#### SUPPLIED MATERIAL
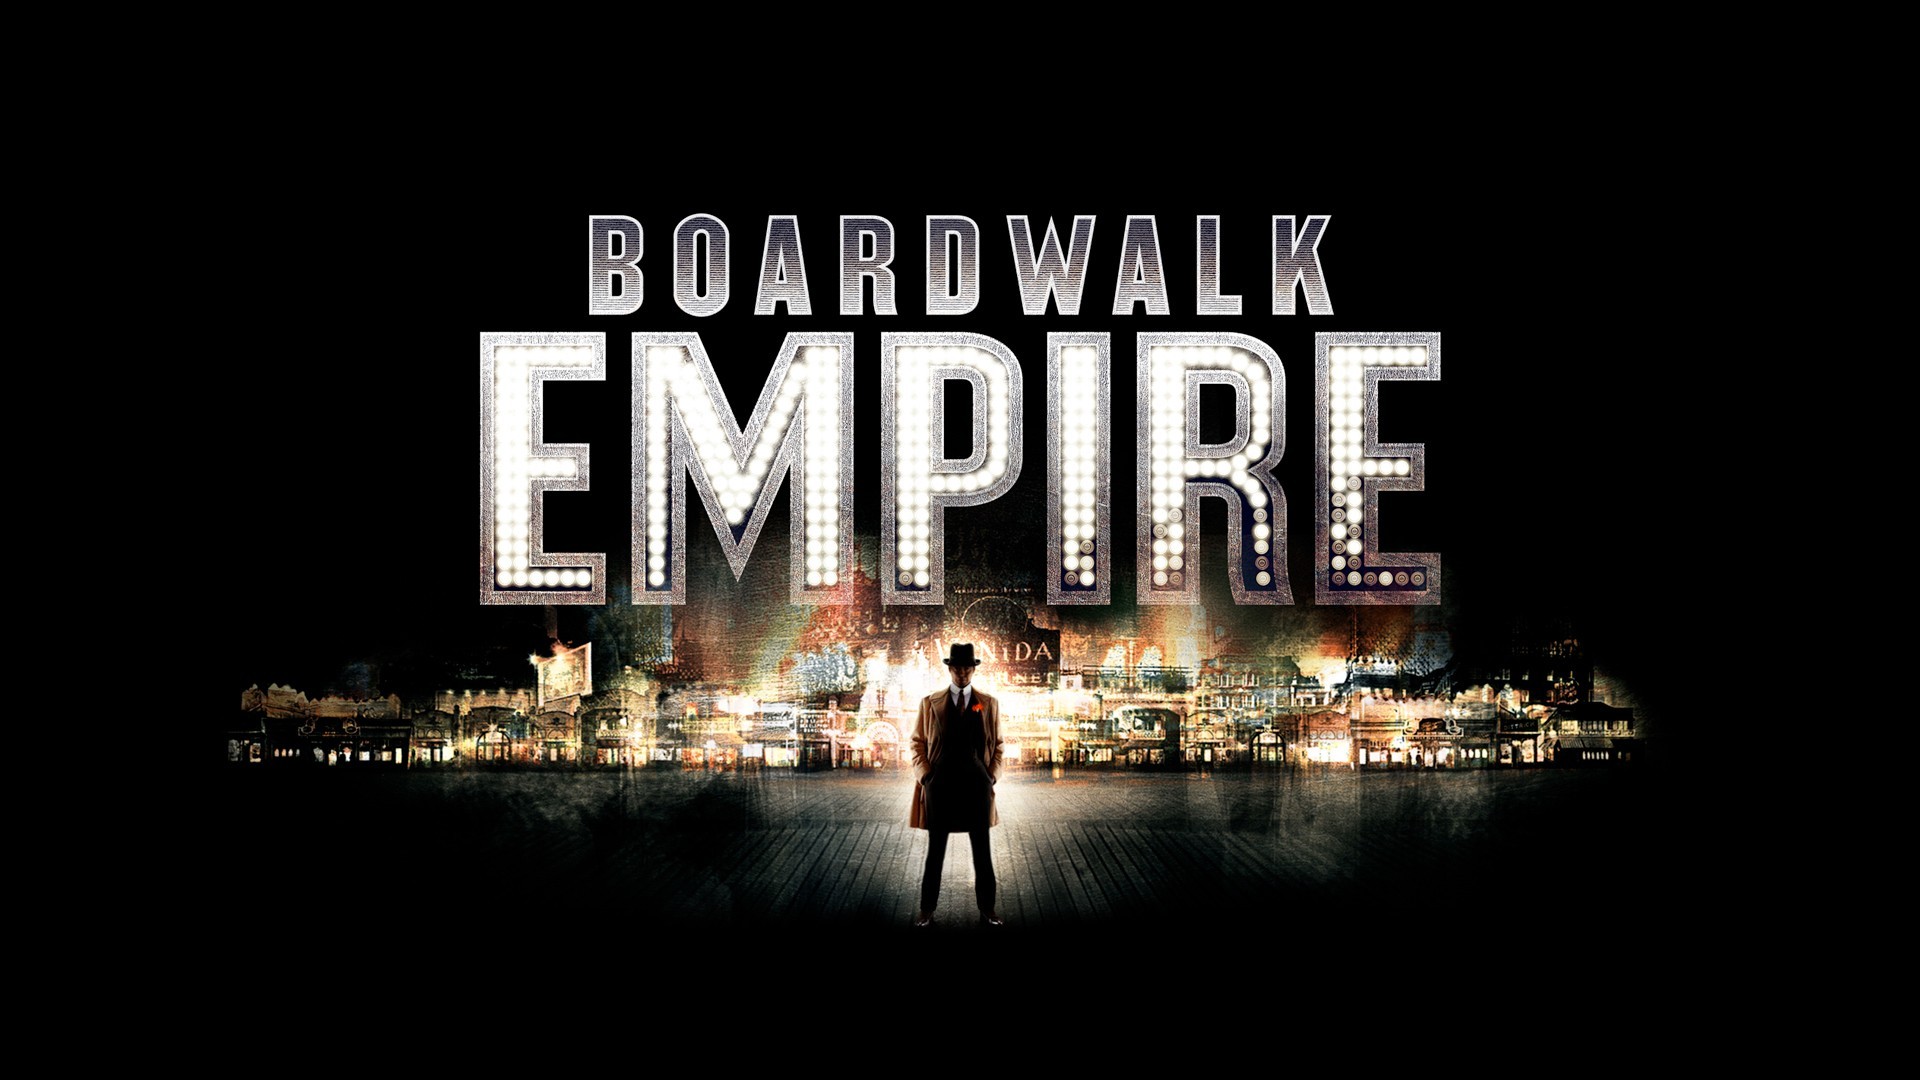 Boardwalk Empire, Nucky Thompson, Enoch Thompson, Atlantic City Wallpaper
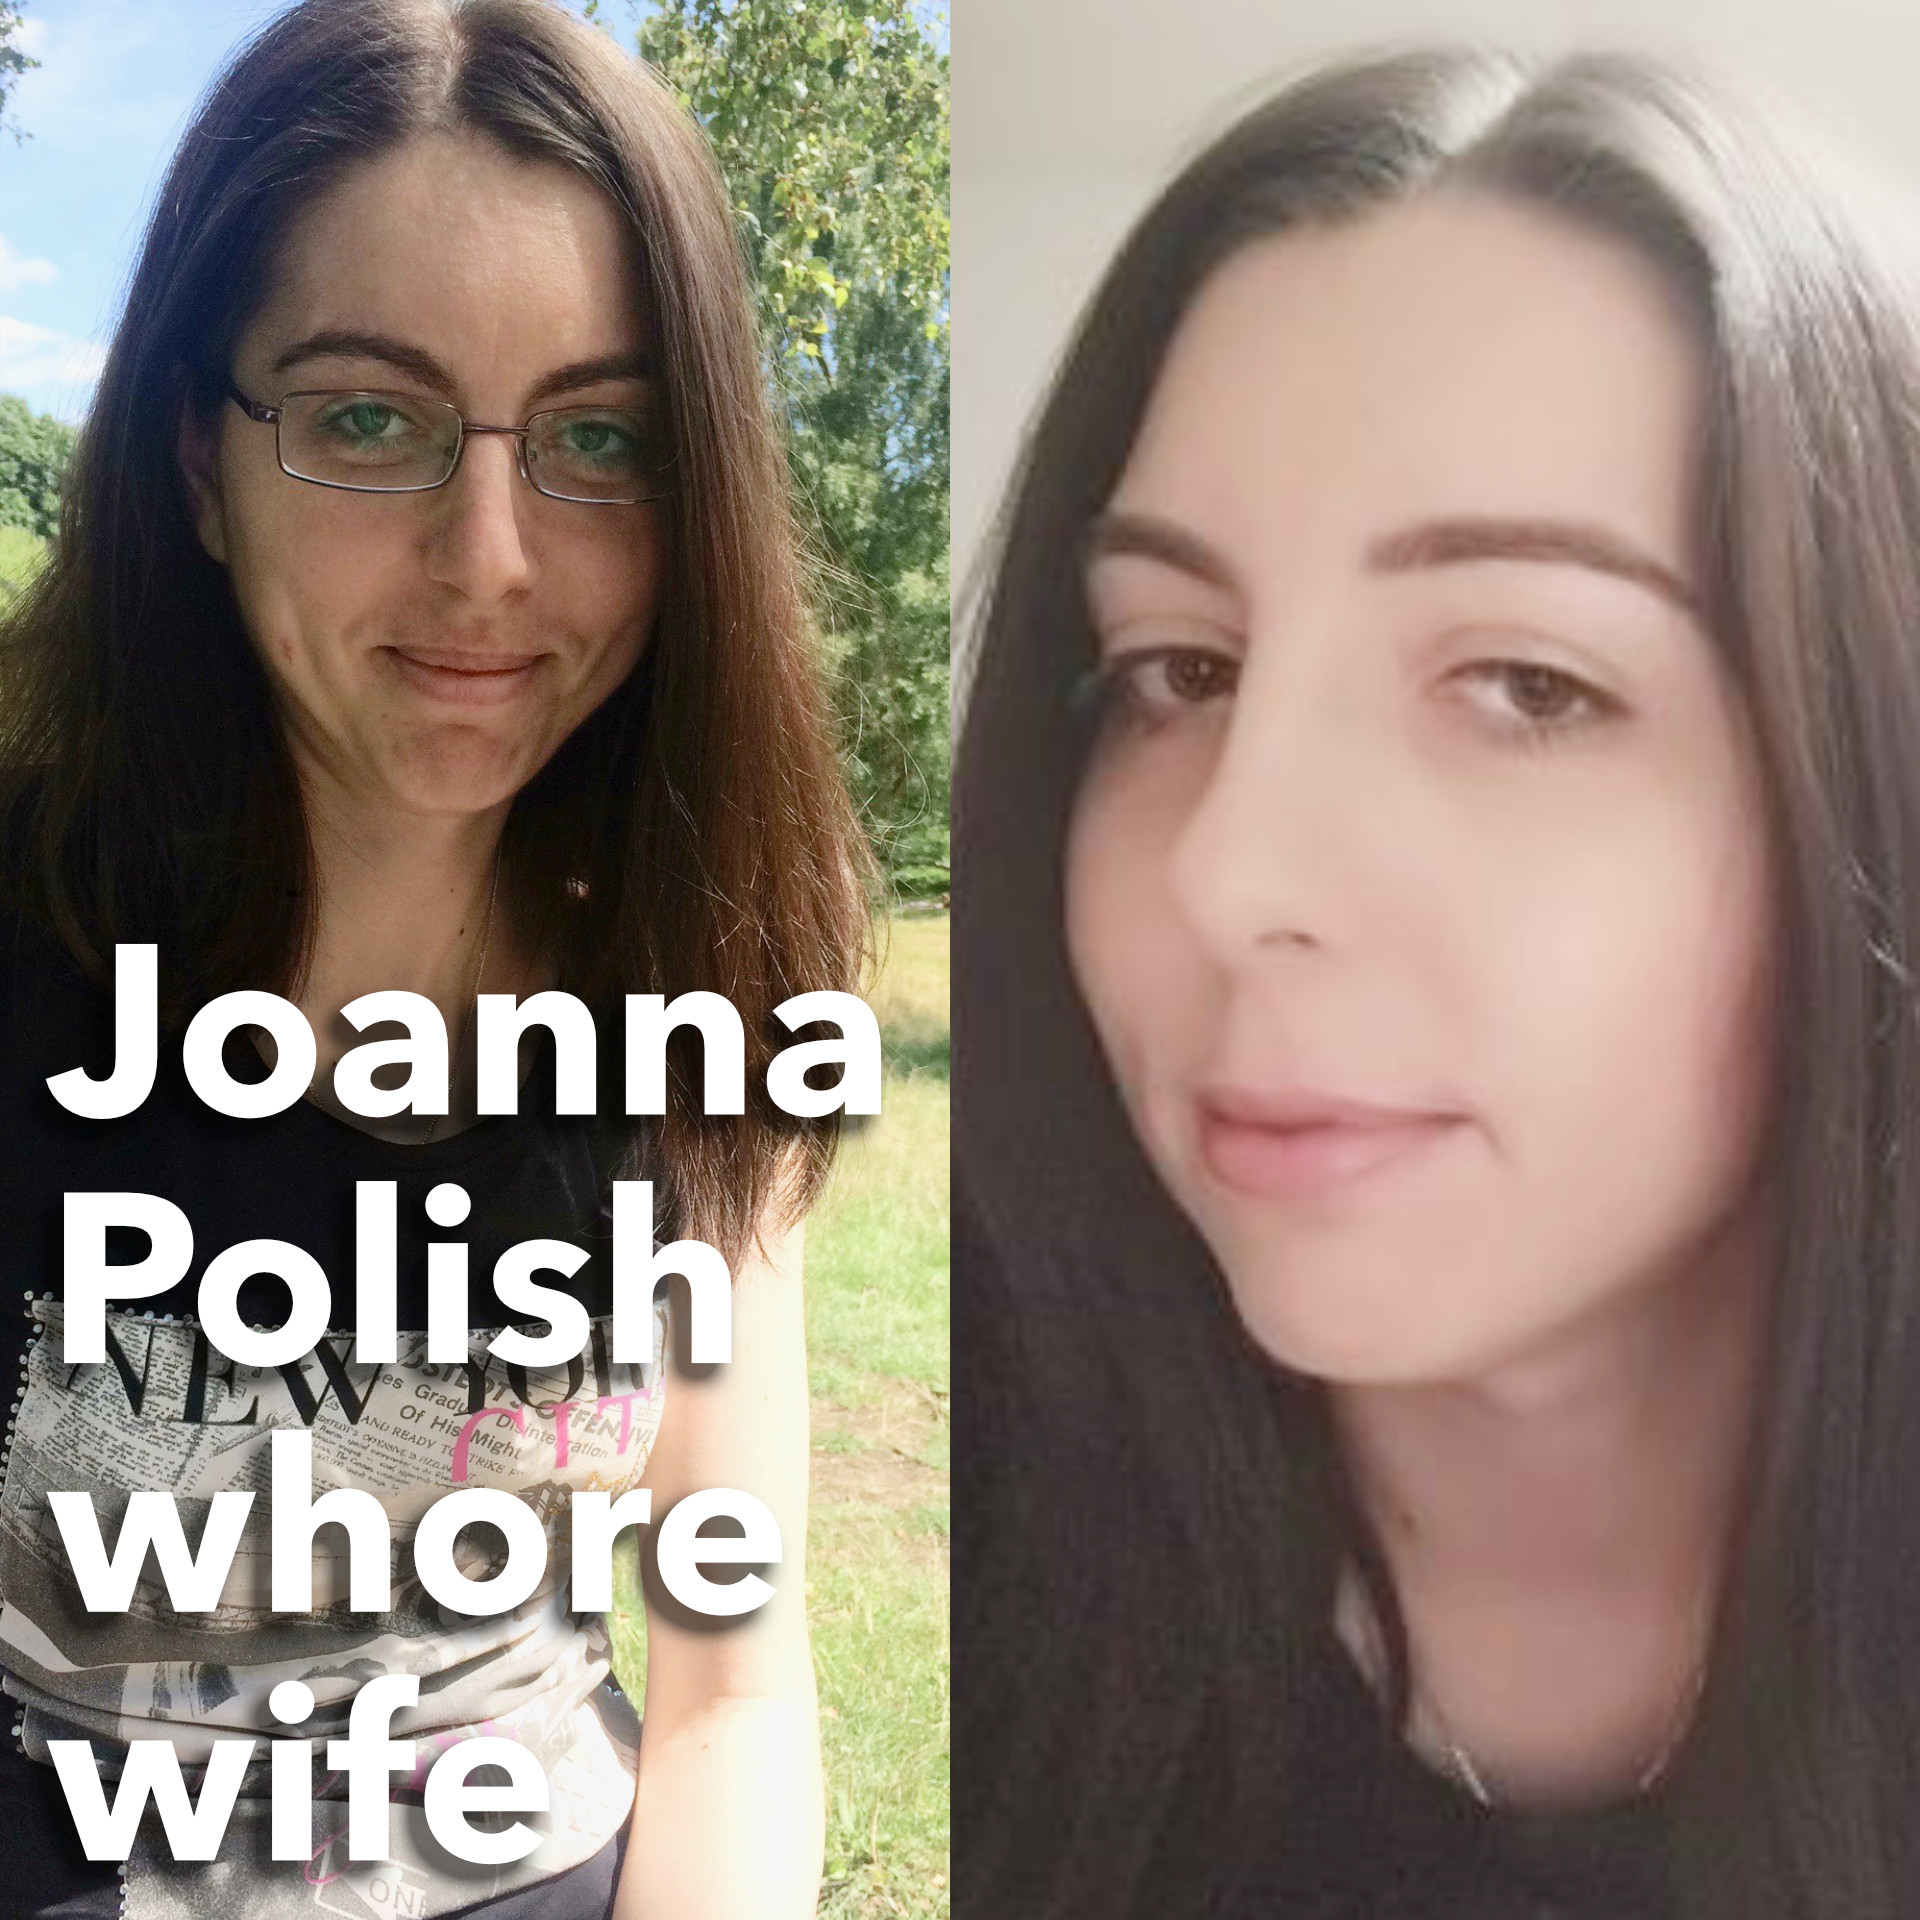 Joanna Polish hairy wife slut - N
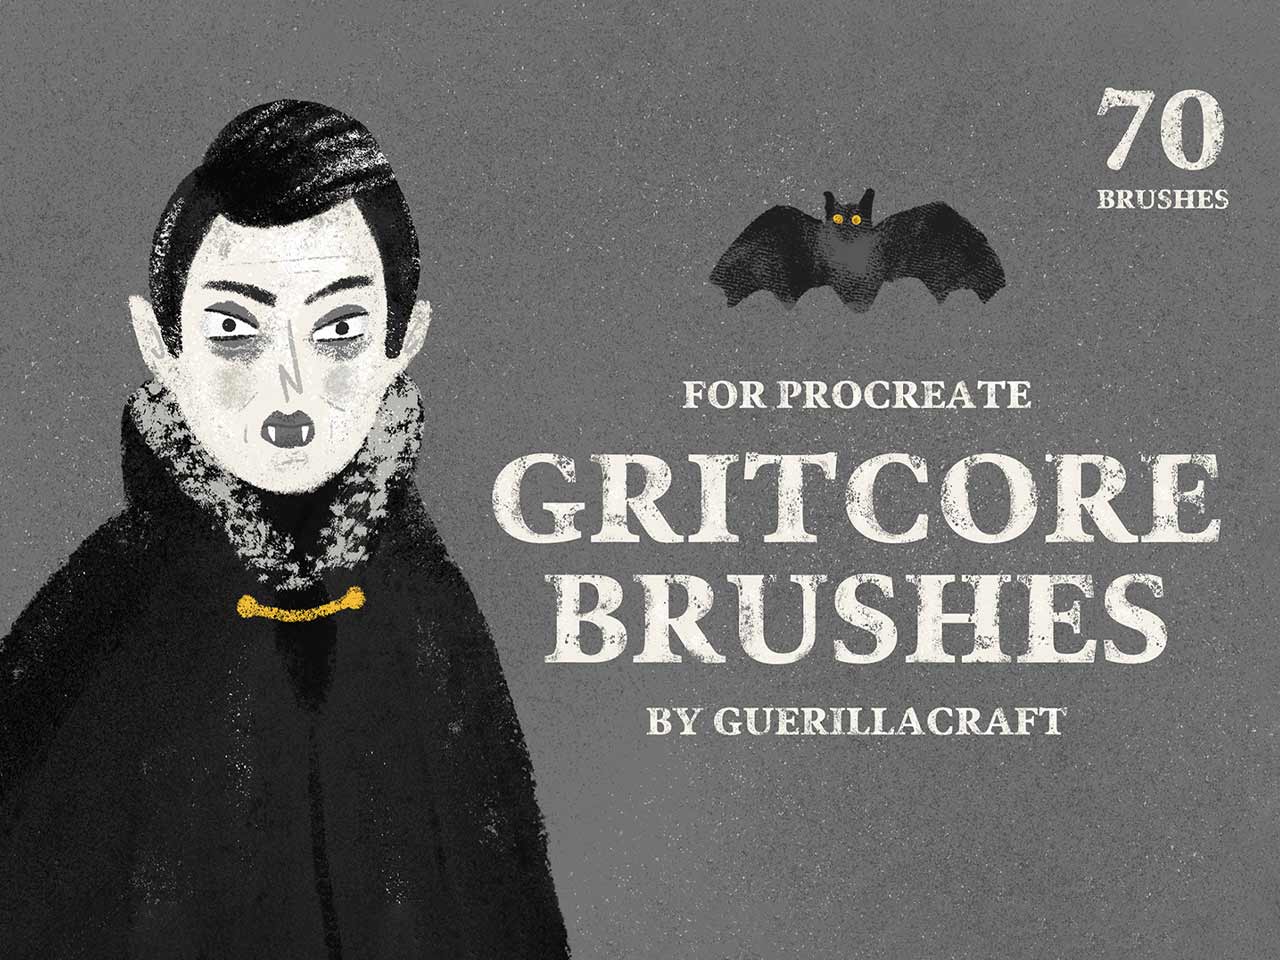 A free gritcore procreate brushes

#### WORK TO BE COMPLETED
Transcribe all the material exactly; skip every image.

#### OUTPUT OF THE TASK
 Boardwalk Empire, Nucky Thompson, Enoch Thompson, Atlantic City Wallpaper
 Joanna Polish hairy wife slut - N
 A free gritcore procreate brushes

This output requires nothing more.